Thanks to negative rates, investors pay the BoJ to hold their cash. So, it costs the bank nothing to buy up everything in sight. All they have to do is make sure the stocks never decline in value. This is accomplished in two ways: (a) buying more stocks (throwing good money after bad); and, (b) by manipulating the currency (the yen carry trade.)
Lately, the yen carry trade has been working overtime. At some point the yen could theoretically get too cheap; so, the USDJPY is reset lower most nights when the low-volume futures markets are more easily propped up.
When the cash market opens, though, the USDJPY takes off. I’ve highlighted the period between 6:30am and 4:00pm in the chart below. The effects on the NKD are immediate. A few nanoseconds later, the S&P 500 futures join in. The algorithms which drive 90% of all US equity volume watch USDJPY like a hawk.
What happens if, for some reason, the USDJPY can’t be driven any higher or is busy resetting when extra assistance is needed? We’ve written often about the benefits derived from hammering VIX futures. Another favorite of central banks is oil futures.
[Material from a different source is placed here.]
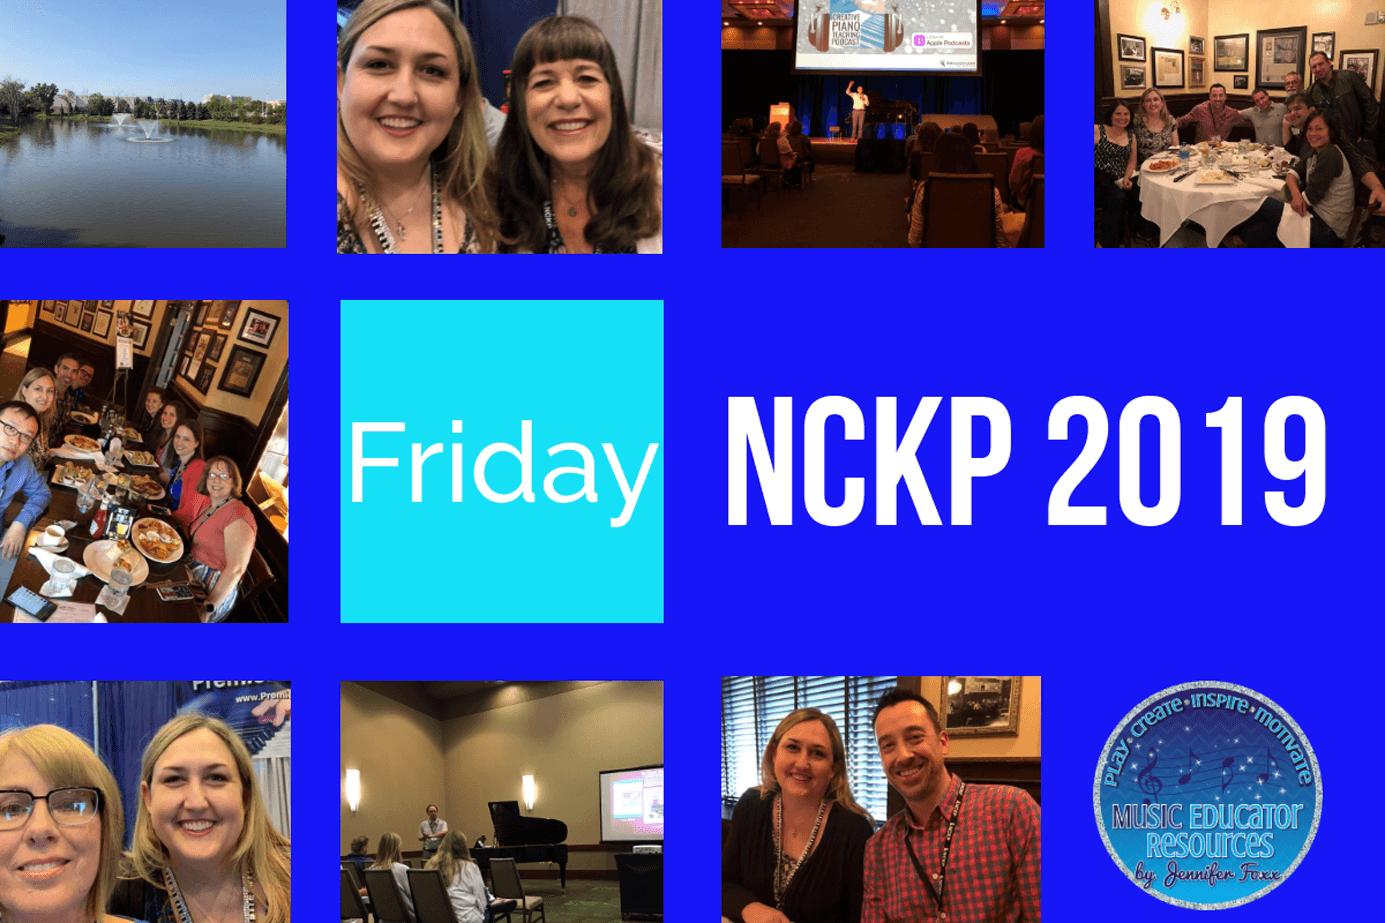 NCKP 2019 Conference Friday

As the chart below shows, it works exactly the same way as the yen carry trade. The only difference is that higher oil prices reverberate through the real economy, affecting nearly every business and consumer in fairly short order. So, the manipulation requires a little more finesse. The Fed has its own trading desk, presumably with the ability to dabble in the futures market. Their cost of funds is essentially zero as they can print money any time they like. Imagine how fun it will be when interest rates go negative and investors pay them to drive stock prices higher.